WORK TASK: Go through the entries below, tally each line with the string "Made", and give the final number by itself.
** Opening DATASET CONTENT block **
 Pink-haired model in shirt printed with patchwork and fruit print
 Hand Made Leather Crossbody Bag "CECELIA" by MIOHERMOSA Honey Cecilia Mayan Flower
** Closing DATASET CONTENT block **
** Opening DATASET CONTENT block **
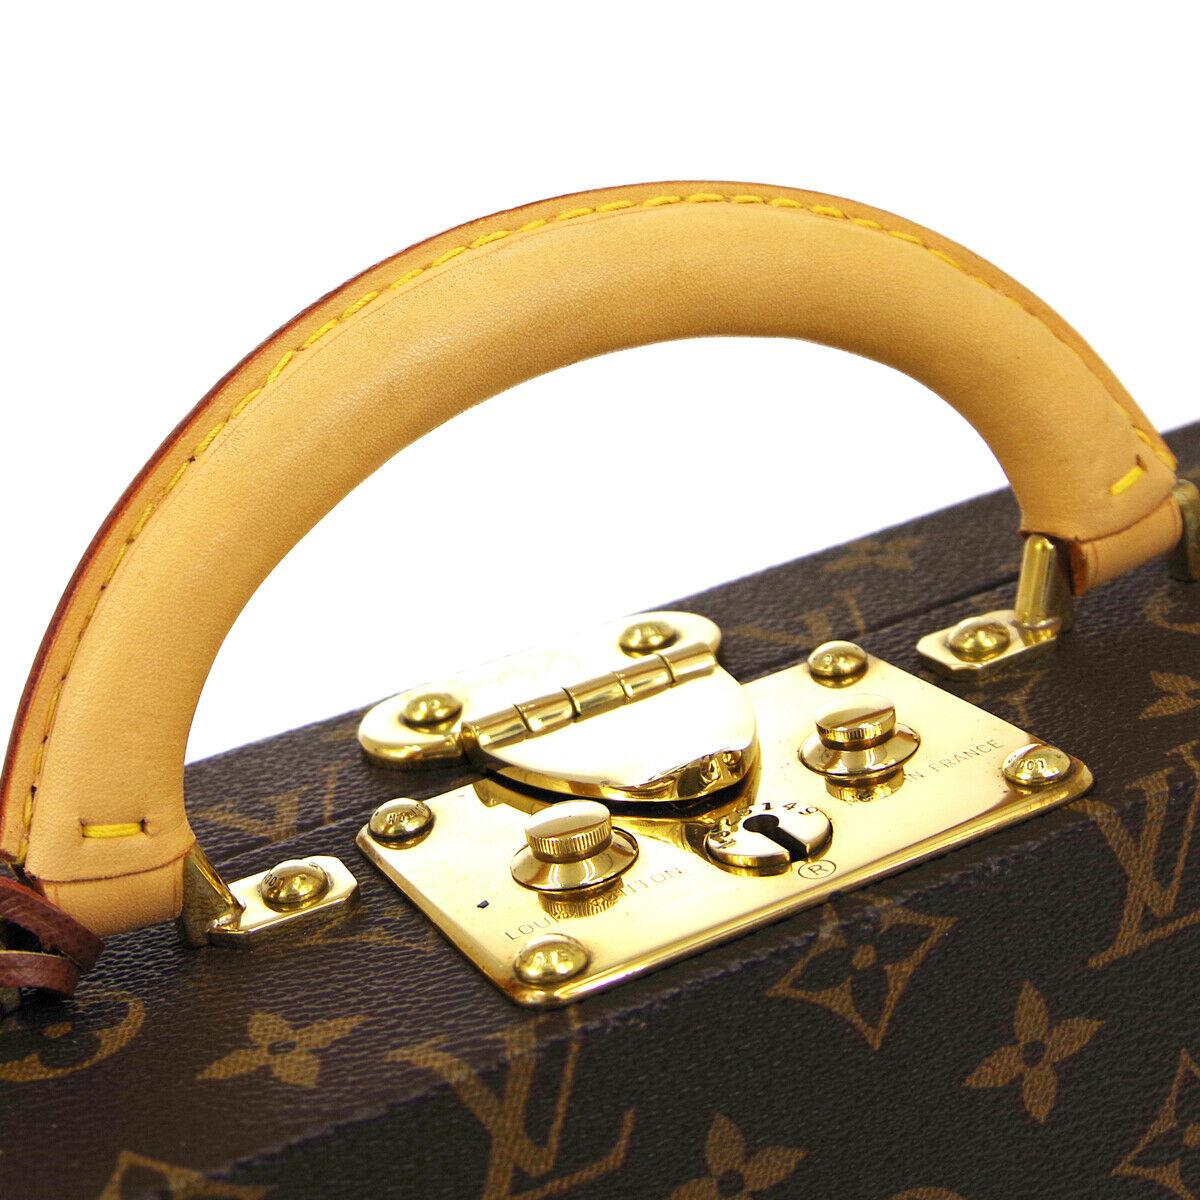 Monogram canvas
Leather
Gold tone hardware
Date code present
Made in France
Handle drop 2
** Closing DATASET CONTENT block **
EXERCISE ANSWER: 2